Agatha Christie Challenge- Month 3- Lord Edgware Dies (1933)

This is the 9th Hercule Poirot novel and was the recommended choice for this month’s Christie Reading Challenge which specified a book including a society figure.  Its 1933 publication date means that it is the earliest of the novels I have read for the Challenge.  I’m beginning to think that my suspicions that those featuring Poirot would not be my favourite of hers is coming true, I do find him a little hard to take as a character.

However, this is narrated by sidekick Captain Harding who I do like and who is as exasperated by the Belgian detective as I am, who wearies at any mention of “his little grey cells” which assist greatly in helping Poirot solve his cases.

I also like there being more than one corpse, thus whittling down the suspect list.  My only real gripe is with characterisation.  I feel that they are introduced well and I know who each is and the relationship to the victim initially but start to lose my grip on this mid-way through.  I think this is because there is limited character growth.  This was certainly a stronger feature in the later publication “The Hollow” I read in January so perhaps this is a way in which Christie developed as a writer.
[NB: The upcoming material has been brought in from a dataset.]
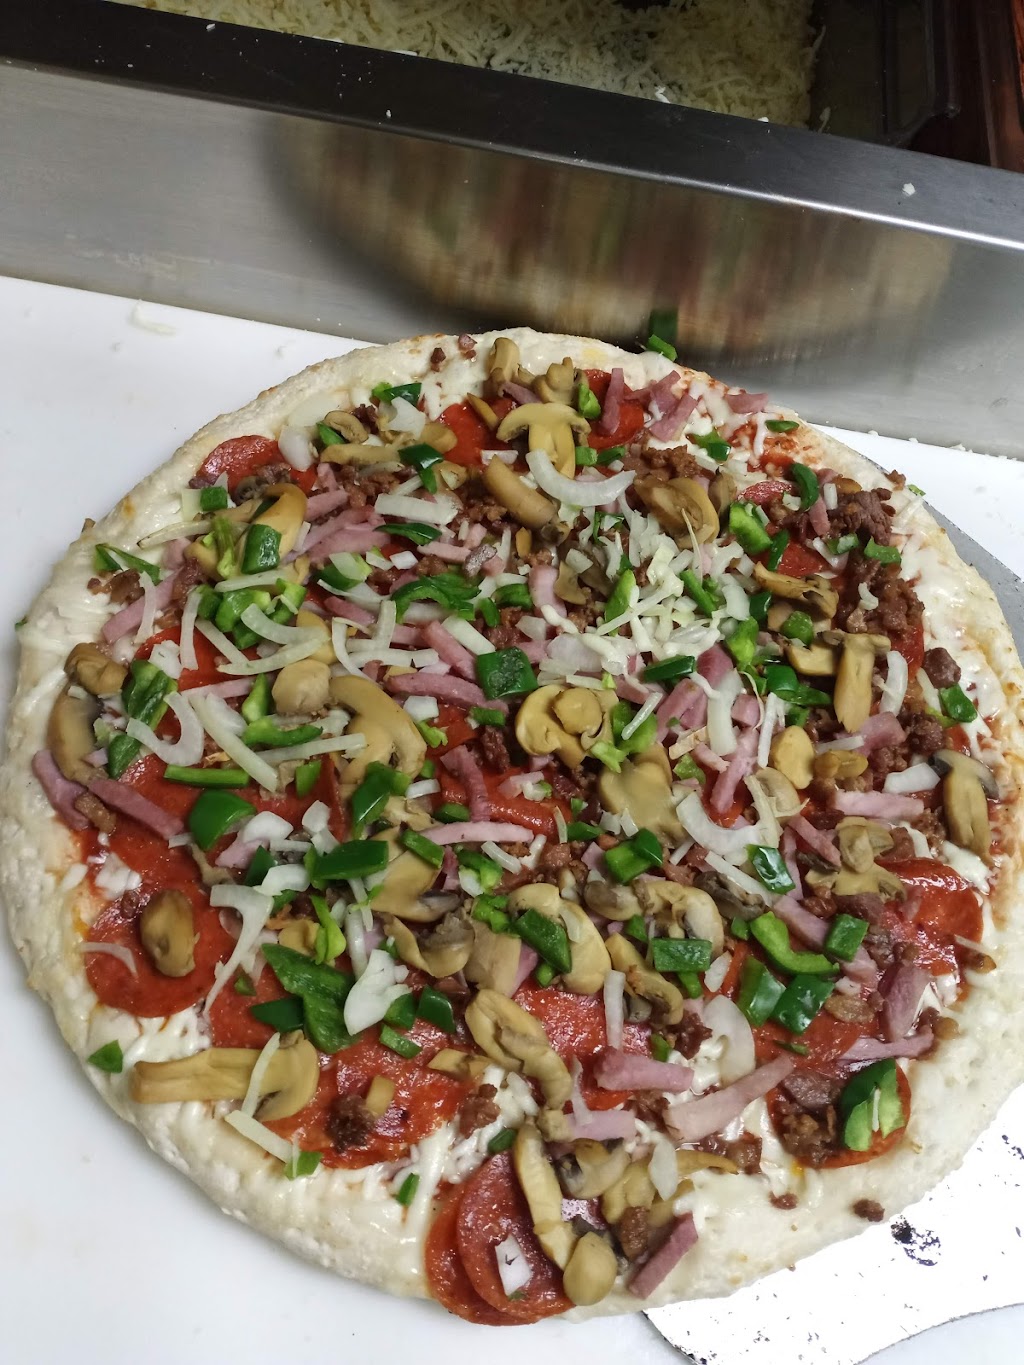 Happys Pizza | 3002 Oberlin Ave, Lorain, OH 44052, USA | Phone: (440) 282-6600

It’s no spoiler to say that it is Lord Edgware who is the first victim here.  His American actress wife has already met Poirot and enlisted his help before the nobleman’s demise.  Other suspects include his heir, a disappearing butler, a film actor and a stage actress who impersonates Lady Edgware as part of her act.  Poirot is keen to find out whodunnit before Inspector Japp and asks the right questions to the right people.  Unusually this book ends with the confession by the killer which has been sent to Poirot so no looking to the last page or it will spoil everything.  Next month the challenge is to read a story set before World War II.  I’m hoping to read one of her stand-alone novels and it will be interesting to see if, as I suspect, I will favour these.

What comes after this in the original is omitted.